Although unaccustomed at the beginning eventually he got used to life back in Japan. Then after about 5 months events unfolded like those in a movie. Jiro’s father suffered a work accident and passed away. His family’s business shut down. All this was said lightly to me, a stranger, yet I was shocked and pained. It was a story told in two simple sentences but it told of a profound experience the pain of which one may never be able to walk away from one’s entire life. I could only offer my sympathies and yet this was exactly what he did not need. In the end all I could do was let out a sharp breath and punch this story into my keyboard. It makes me feel a little ashamed.
Death’s blow made him think deeply. It’s trite but it’s true - death made him realise how we can never be sure when we will leave forever. Therefore if we have anything we want to accomplish in life, any goal we want to achieve, we should act now. His father’s passing pushed him on yet another journey - New Zealand - where he flagged down car after car, trekked across mountain after mountain, worked when his money ran out and stopped only briefly in places. Sometimes he left without saying goodbye. Like a bird that flies from North to South to escape winter, he brought the air from the Arctic Circle, the blueness from the Pacific, the snow from Siberia and the sunlit rays from Latin America into other’s lives. Some stories allowed brilliantly colourful flowers to blossom, some were planted deep in the soil of people’s hearts, and are waiting for spring.
When wandering becomes the most normal thing in the world, stillness is the hardest thing.

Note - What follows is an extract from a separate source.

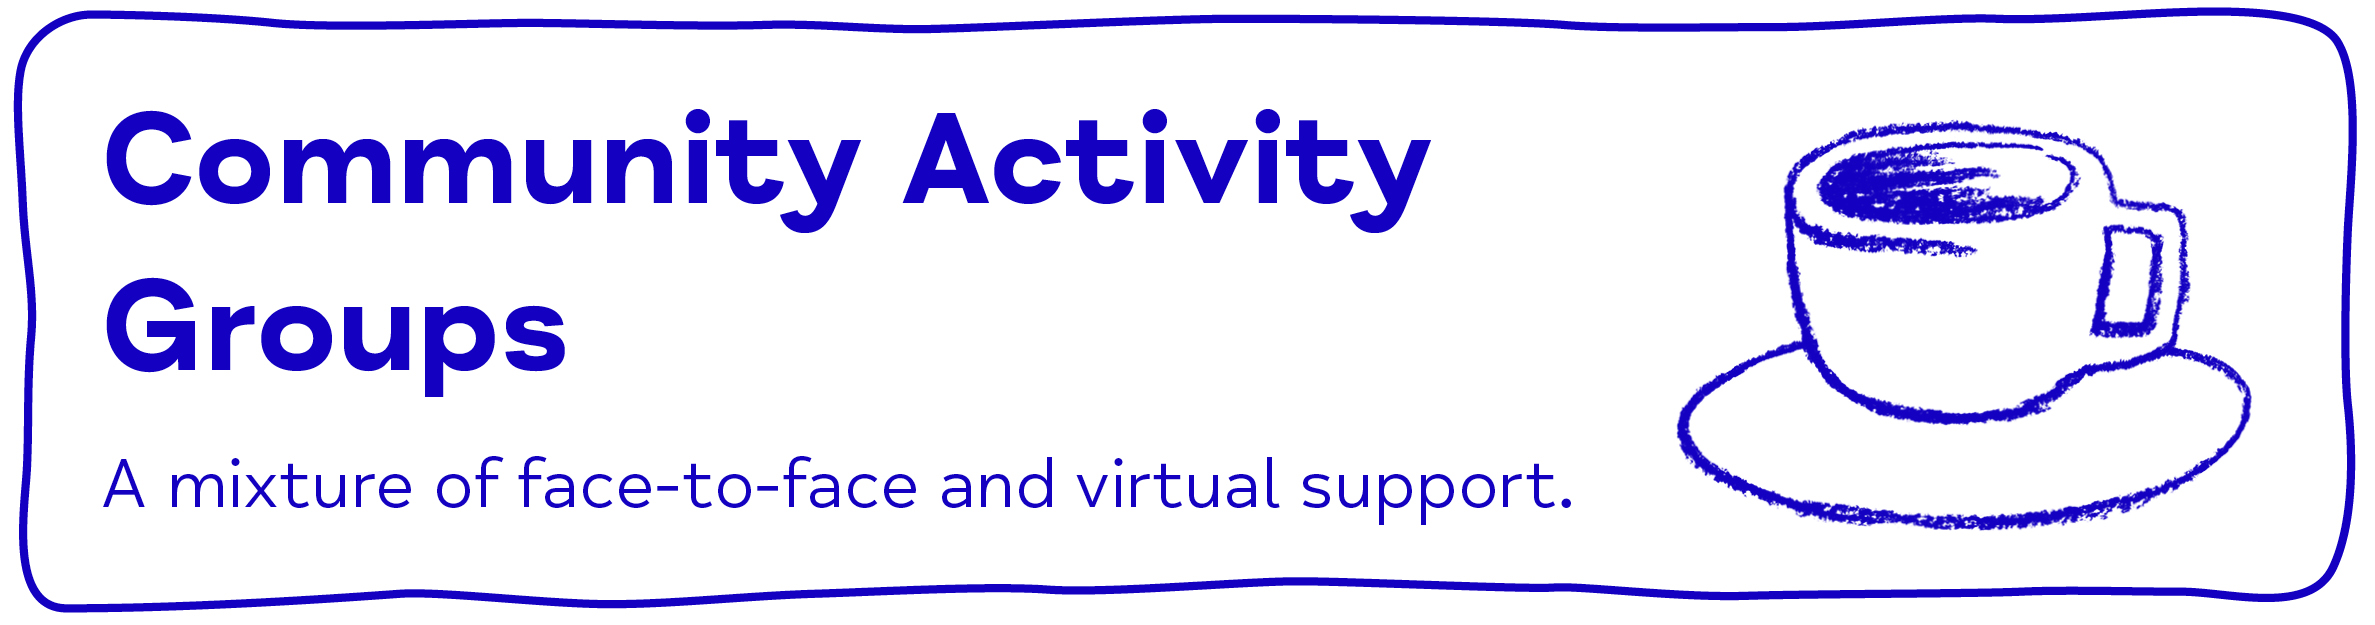 Community Activity Groups A mixture of face-to-face and virtual support.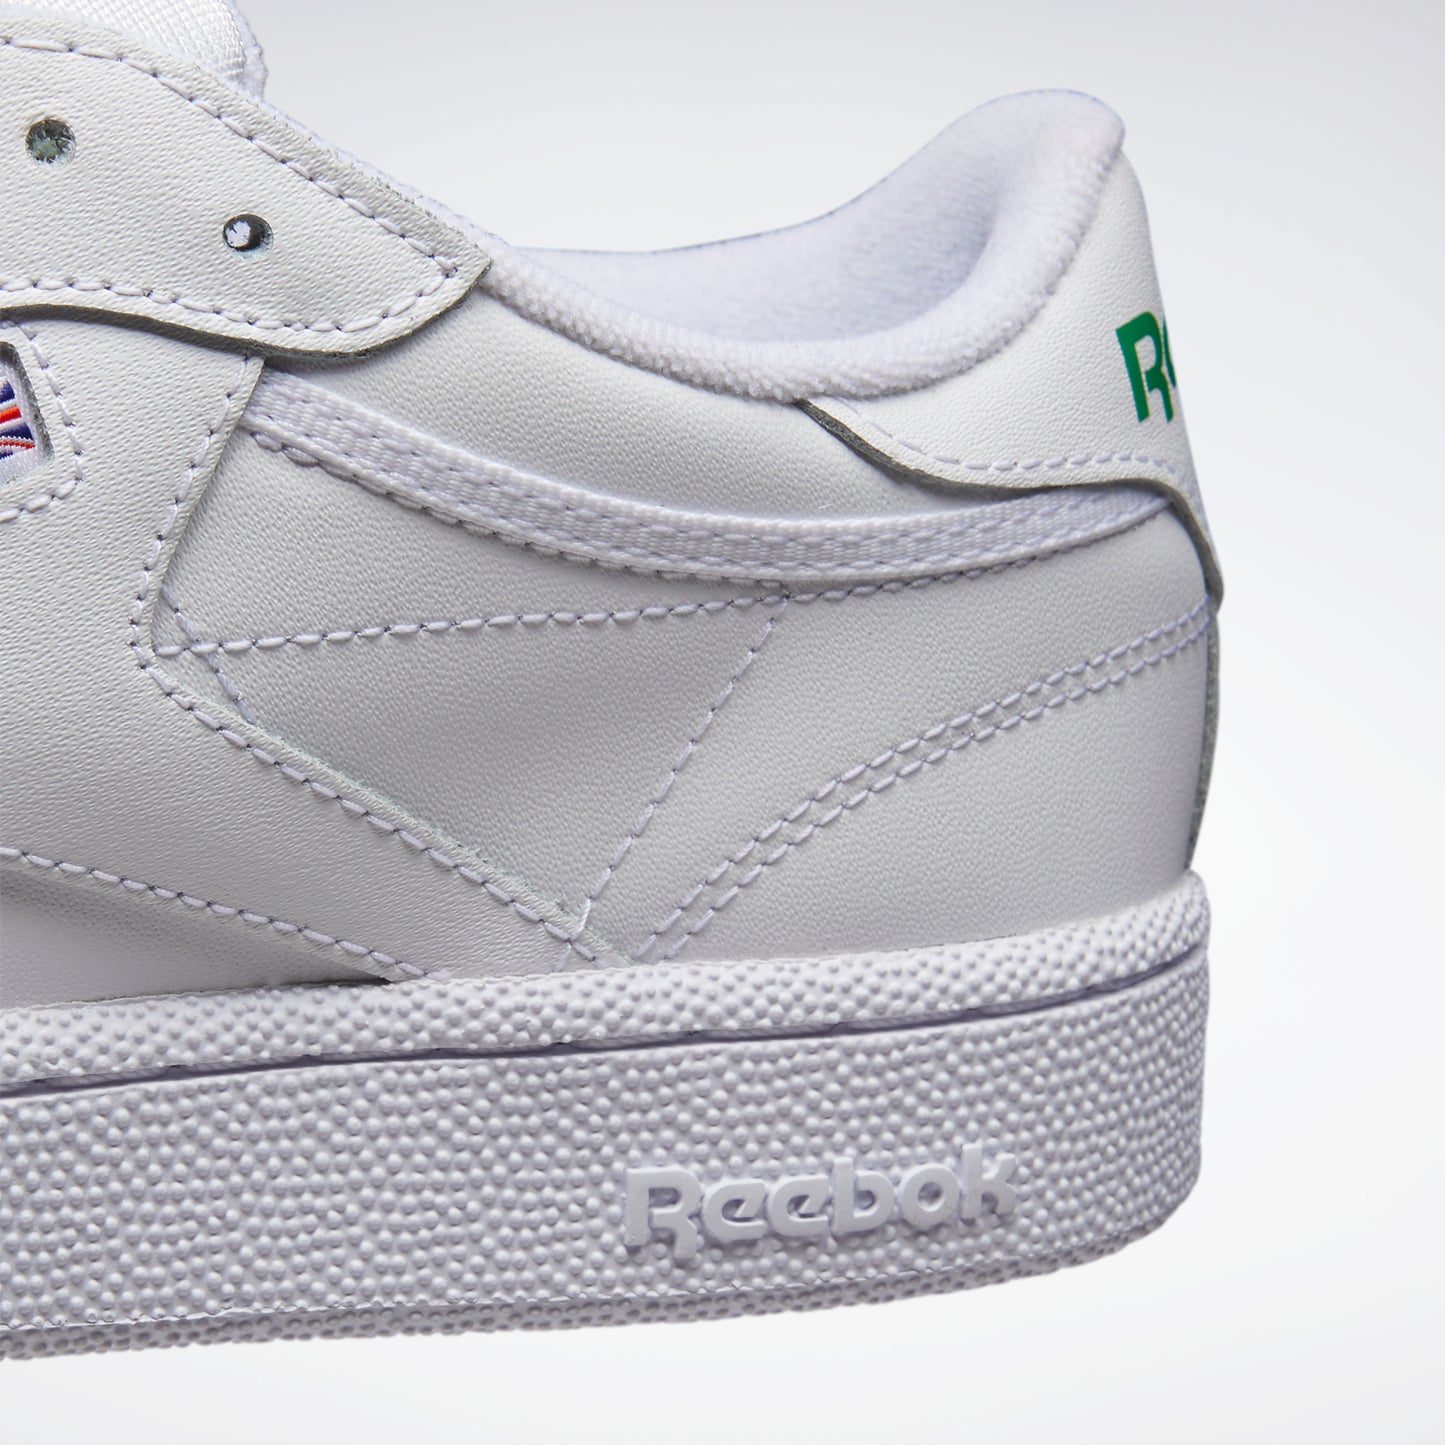 Club C 85 Shoes Int-White/Green

On the move day after day, year after year, sometimes with a goal, sometimes without, he had come to think that life could be lived in no other way. Over the thousands of days that I have travelled I can’t stop coming across people like Jiro. In these people I catch glimpses of myself. Last summer in Rome, I met an Australian driving a bus and exploring the world. The first thing he said to me was, “Could you listen to my story?"
To pour one’s heart out to a stranger is no easy thing. We sat on long benches near in the Spanish Quarter, drinking warm beer. He told me he could never return home. He said he had met a few genuine and nice people, but could never imagine staying behind for anyone. The feeling of not knowing where he would be the next day was intoxicating, he felt, but to have shared yesterday with someone was special, too. His heart was full of feelings and his head full of stories but he had never had the chance to distill those feelings and stories into something tangible. He said he was afraid- afraid that if he continued on like this, he would become rootless. I didn’t say anything, just listened, but there were quite a few times when I felt strong reactions to what he was saying.
Not long after a few of his friends from Rome walked towards us. One of them pointed to him and said loudly, “That’s him! My really cool friend! He’s already driven a bus traveling world for a few years!” I saw him nod his head a little embarrassedly. Maybe nobody noticed but in that moment his expression was indescribable, almost as if there were no words in any language that could capture the look he had. I felt like I had been slapped. That night we and his friends walked Rome till the sun rose because I knew that even if I went home I would only have been able to stare at the rafters till the morning.
I held my cup tightly searching for the right moment to share this encounter with Jiro. Then I felt there was no need to do so. Both of us in different places and at different times in our lives had come to realize one thing - when roaming the world becomes mundane the hardest challenge is being still. To slowly watch a cloud changing shape, to watch baby shoots sprouting, to feel the wind’s breath across one’s hair, or how a mouthful of ice water slips down one’s throat. To long for the people who have changed our lives and what we said to them, to think about the times when we were moved beyond words.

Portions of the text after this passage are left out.